American nonprofit organization

Golden Crown Literary Society (GCLS) is an American nonprofit organization established in 2004 for those with an interest in Sapphic literature. Since 2005, GCLS has at its annual conference presented Golden Crown Literary Awards (Goldies) to authors and editors in various categories of fiction, non-fiction, poetry and anthologies/collections, as well as for cover design and audiobook narration.

== History ==

The Golden Crown Literary Society was established in 2004 as a response to lesbian presses and authors being ignored by other awarding agencies. By its third annual conference in 2007 in Atlanta, participants had grown from 30 to nearly 300.

The five women who founded GCLS were on its original advisory board: Carrie Carr, Cathy LeNoir Bryerose, Lori L. Lake, Radclyffe, and Kathy L. Smith. In 2006, Bryerose became the first executive director, followed by Smith (2007 to 2008), Patty Schramm (2009 to 2013), Liz Gibson (2013 to 2016), Mary Phillips (2016 to 2021), Ann Roberts (2021 to 2022), and Betsy Carswell (2022 to the present).
Between 2019 and 2022, GCLS updated its mission statement and organizational language to describe its focus as "sapphic" literature rather than exclusively "lesbian" literature. The organization stated that the change was intended to better reflect a broader community that includes women-loving-women as well as bisexual, transgender, non-binary, genderqueer, and other LGBTQ+ authors and readers whose work falls within the sapphic literary tradition.

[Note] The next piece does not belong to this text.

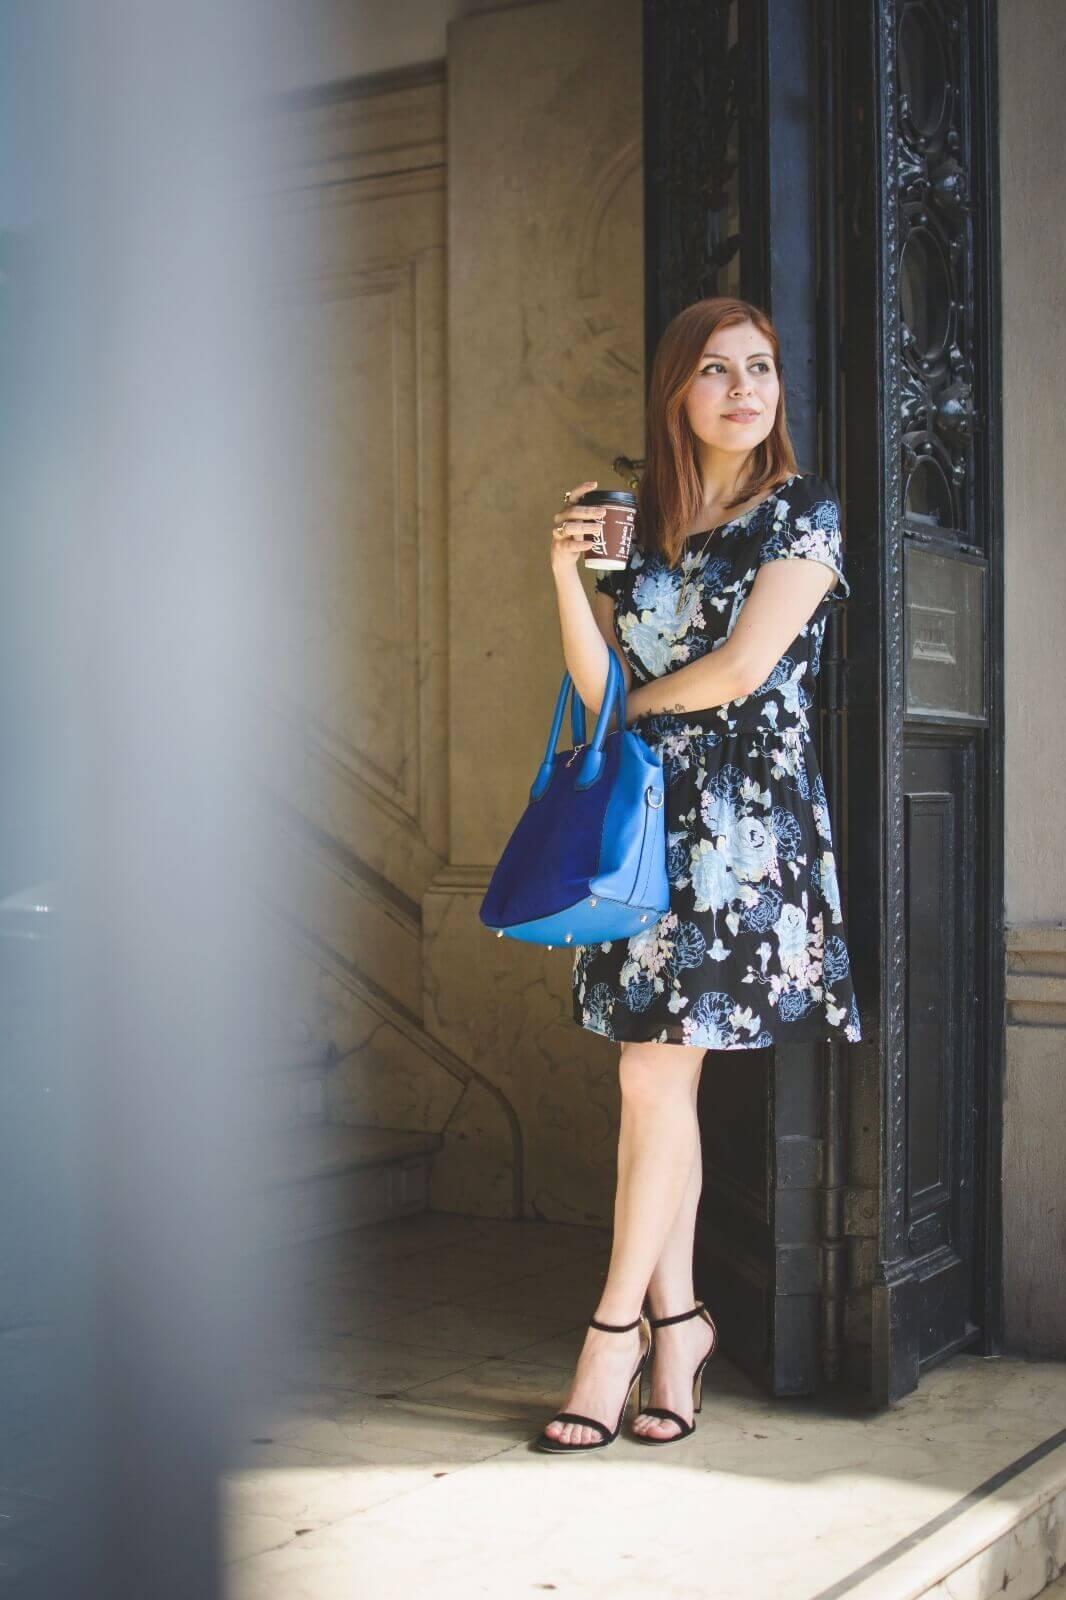 gamiss-black-strappy-sandals-blue-floral-dress-rosegal-cobalt-blue-tote-bag-deborah-ferrero-style-by-deb04

Since 2005, GCLS has held an annual conference at which Goldies are presented in categories of Sapphic literature. In 2014, a writing academy was opened for new and upcoming authors, including one-on-one mentoring and in-class instruction. In 2017, the GCLS board added a director of inclusion to emphasize diversity. In 2021, a free, virtual series was launched via Zoom to cover LGBTQ topics, complementing regional events organized by GCLS that offered in-person panels, book sales and author signings.
By 2025, attendance at the annual GCLS conference had grown to nearly 400 participants, approximately one-third of whom were first-time attendees.

In 2016, GCLS launched the GCLS Writing Academy, a nine-month educational program focused on the development of sapphic fiction writers. The program was established as part of the organization's educational mission and offered master classes, mentorship, scholarships, payment plans, and structured coursework for writers at multiple stages of their careers. Students received instruction from published authors within the sapphic literary community and completed coursework between September and June, culminating in a graduation ceremony held during the annual GCLS conference.

Over time, the Writing Academy expanded into multiple instructional tracks covering novel-writing fundamentals, revision, publishing, and book marketing. Faculty and guest instructors included established authors such as E.J. Noyes, Melissa Brayden, Aurora Rey, Lynn Ames, Karin Kallmaker, Jen Lyon, Bryce Oakley, J.J. Arias, Clare Ashton, Kimberly Cooper-Griffin, and Anna Burke.

In May 2026, GCLS announced that the Writing Academy would be placed on a "strategic pause" to evaluate the program's long-term structure, including the possibility of offering educational content in alternative formats..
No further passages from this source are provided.